_What you will do:_
Retype all data exactly as given. Pictures should not be retyped.

_Stored data:_
◇ ◇ ◇

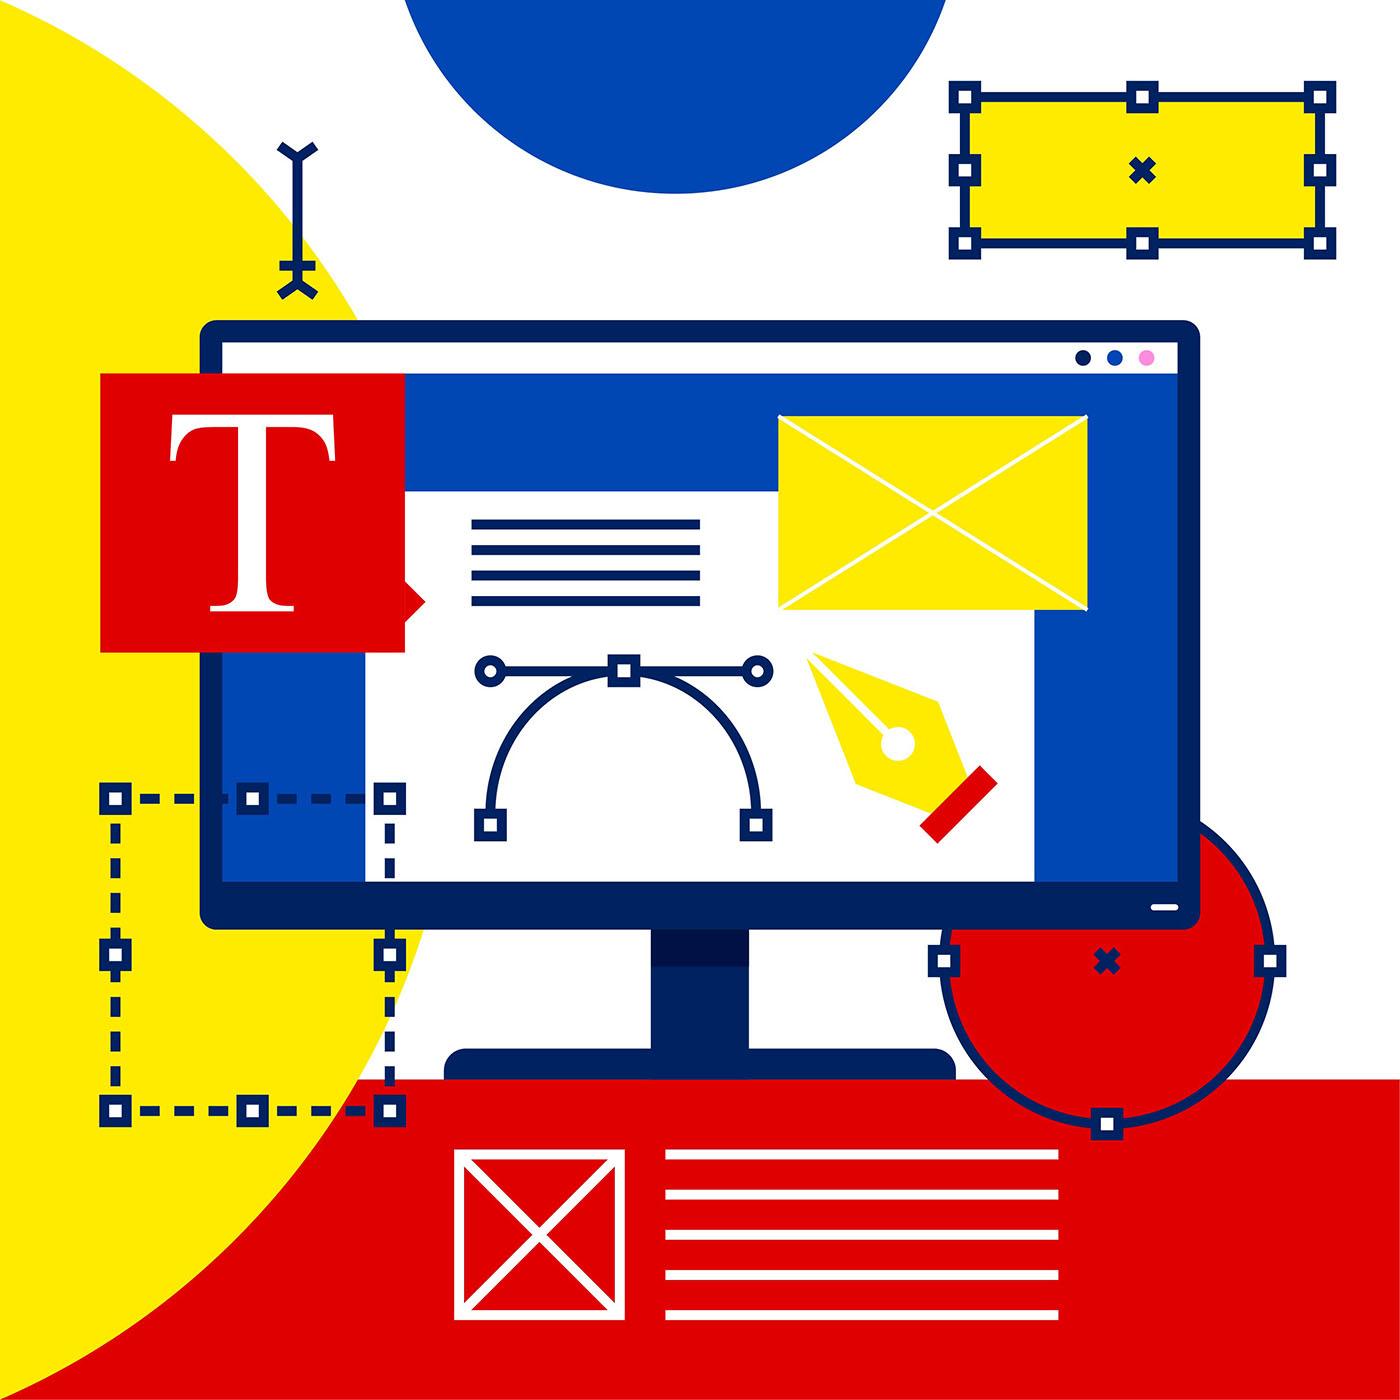 Graphic Design Software Illustration Vector
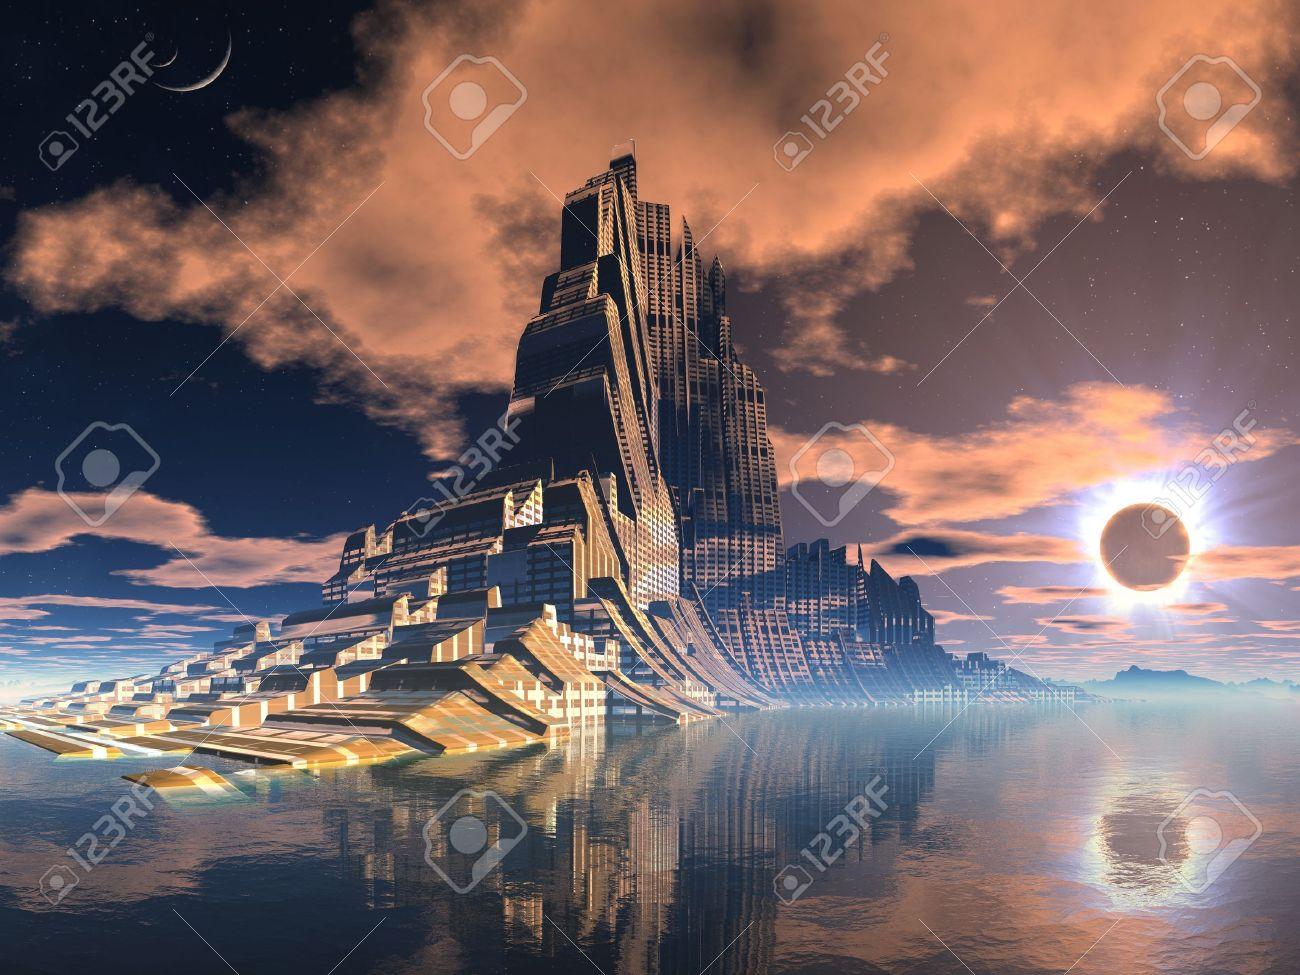 Futuristic Alien City at Lunar Eclipse Stock Photo - 10480250
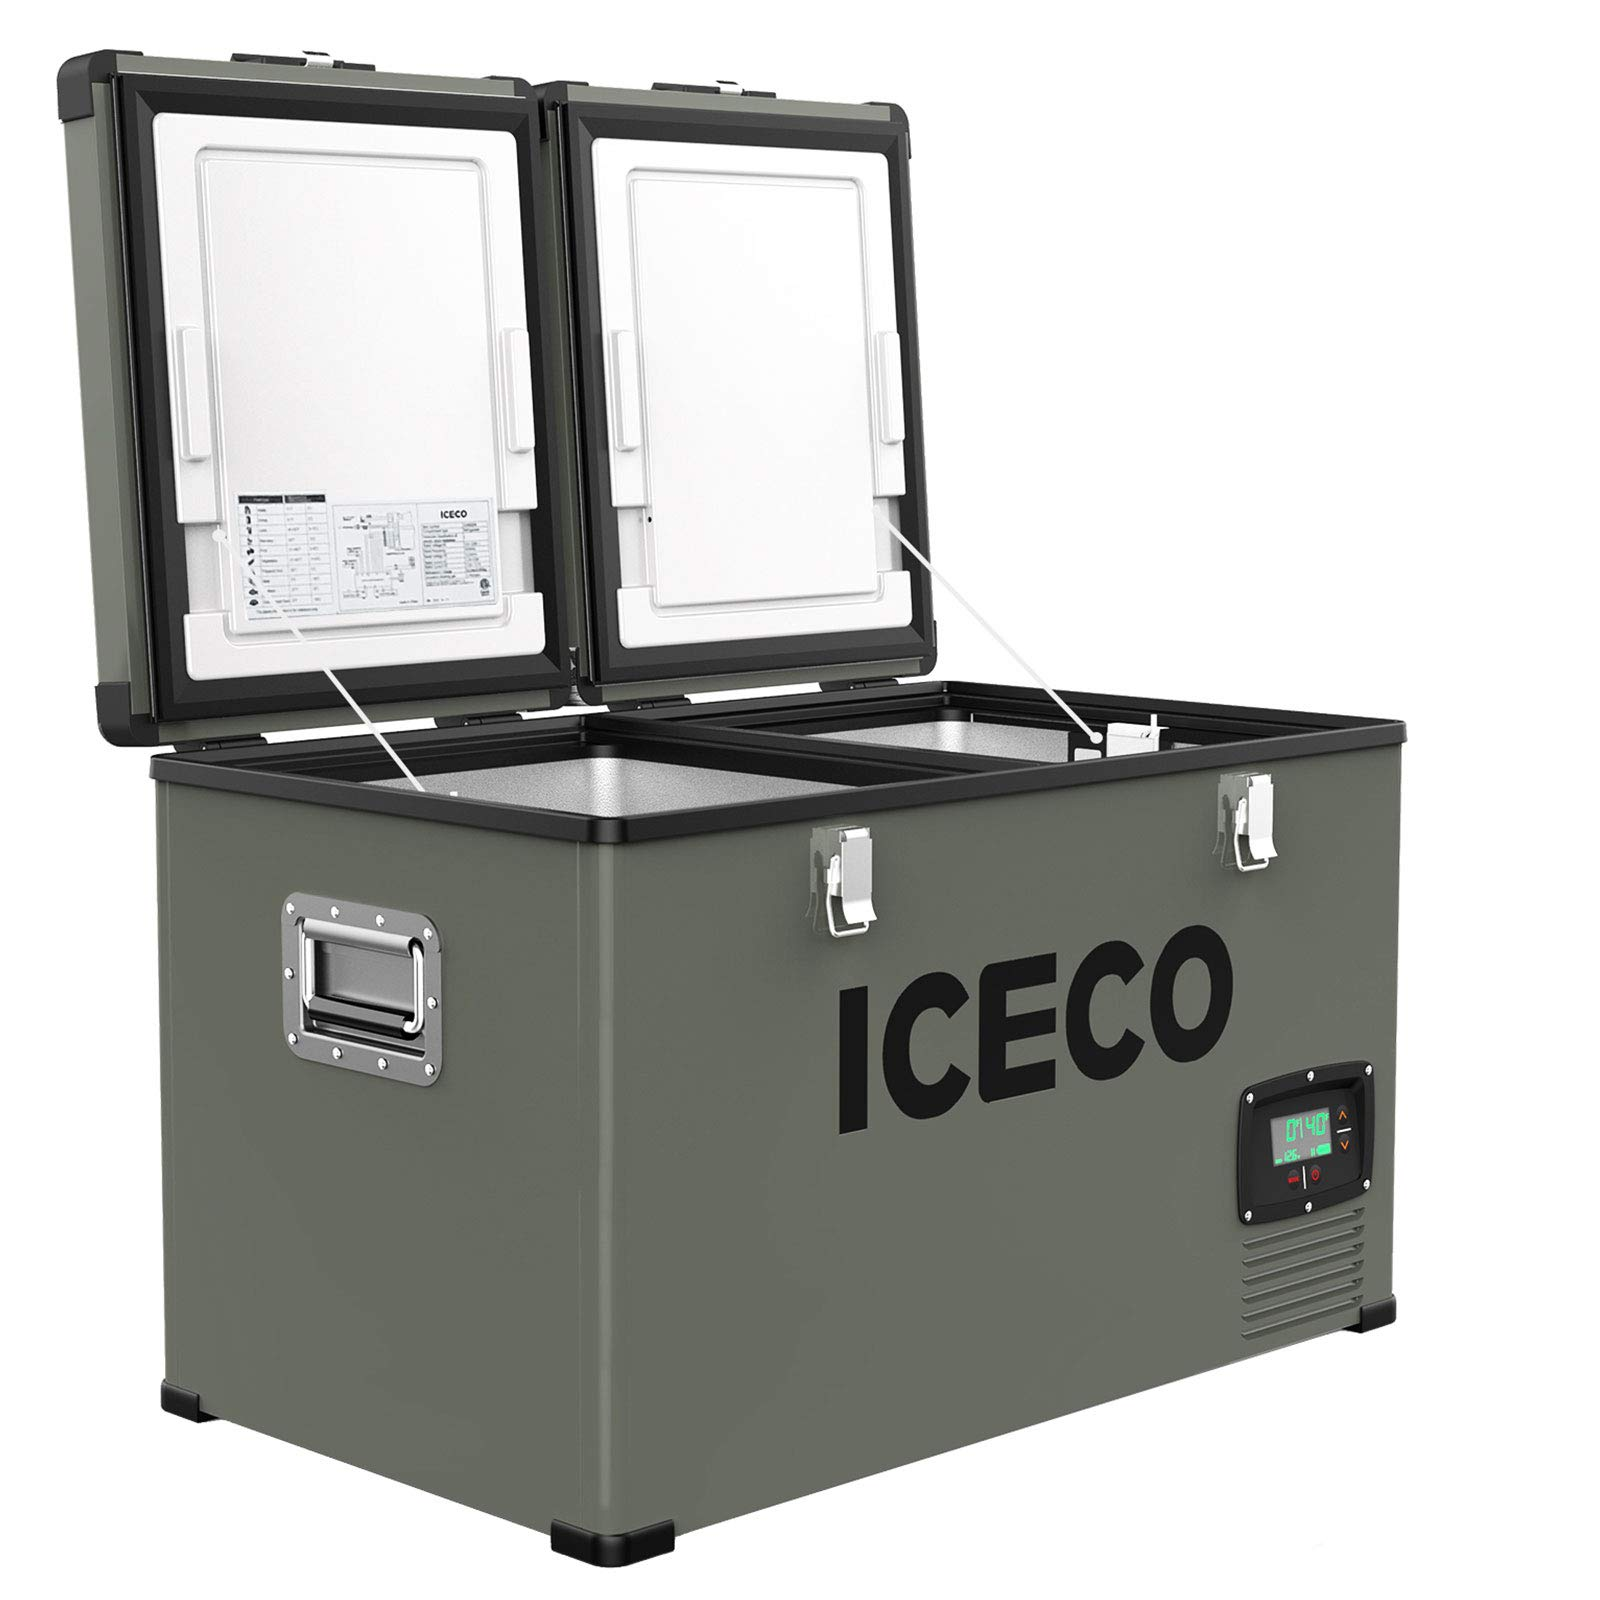 ICECO VL60 Dual Zone Portable Refrigerator with SECOP Compressor, 60 Liters Platinum Compact Refrigerator, DC 12/24V, AC 110-240V, 0℉ to 50℉, Home & Car Use (with Insulated Cover)
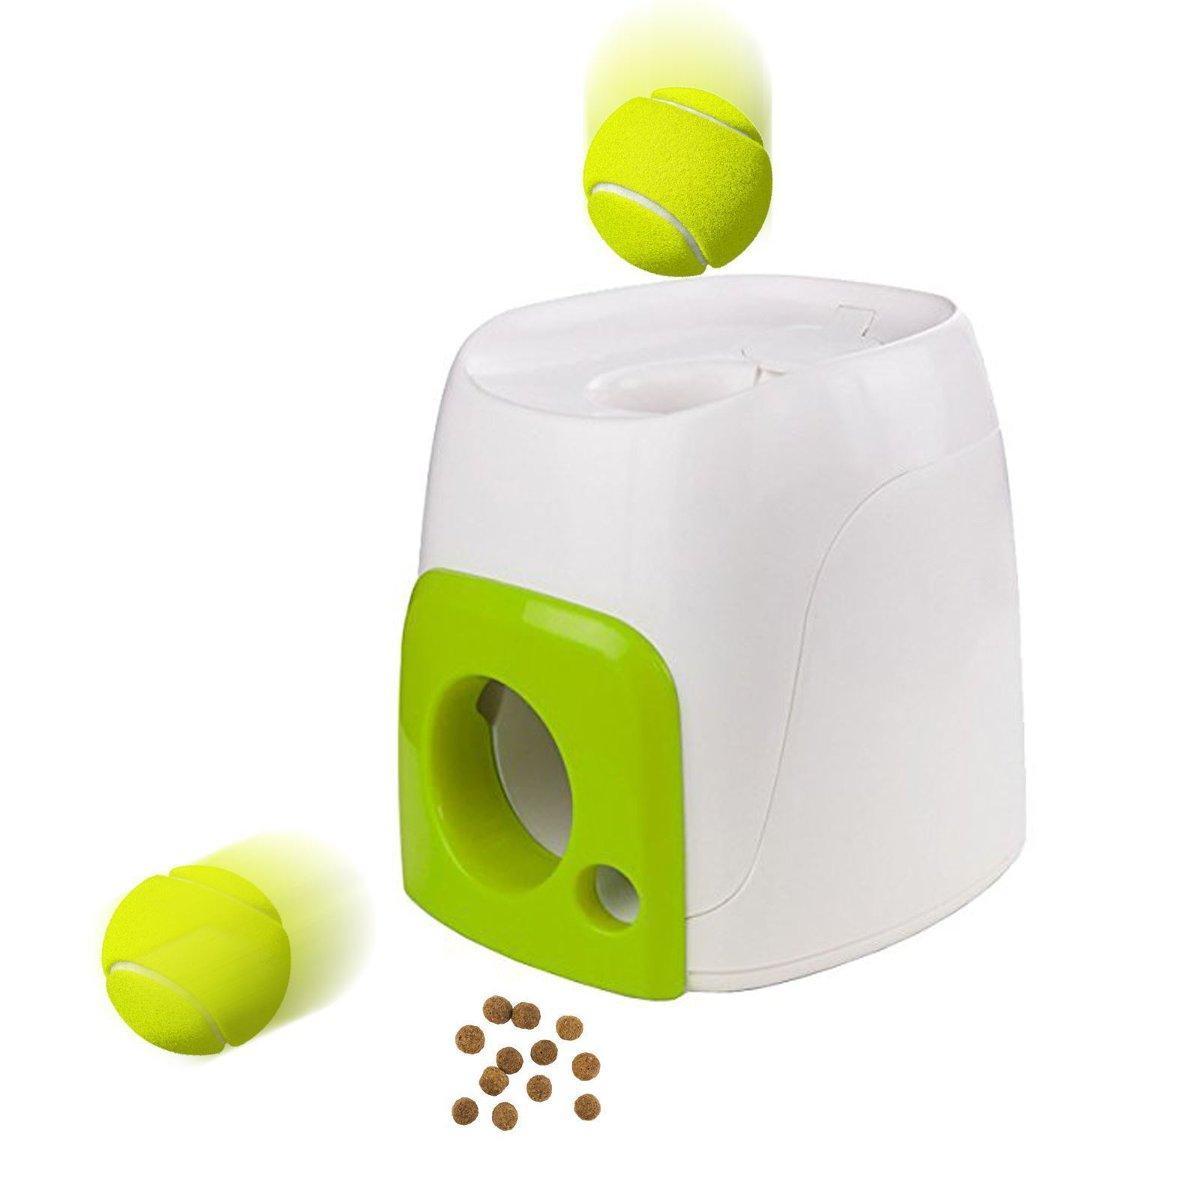 2019 Dog Toy Reward Machine Trainning Tennis Baseball Interactive

◇ ◇ ◇

_Answer:_
 Graphic Design Software Illustration Vector
 Futuristic Alien City at Lunar Eclipse Stock Photo - 10480250
 ICECO VL60 Dual Zone Portable Refrigerator with SECOP Compressor, 60 Liters Platinum Compact Refrigerator, DC 12/24V, AC 110-240V, 0℉ to 50℉, Home & Car Use (with Insulated Cover)
 2019 Dog Toy Reward Machine Trainning Tennis Baseball Interactive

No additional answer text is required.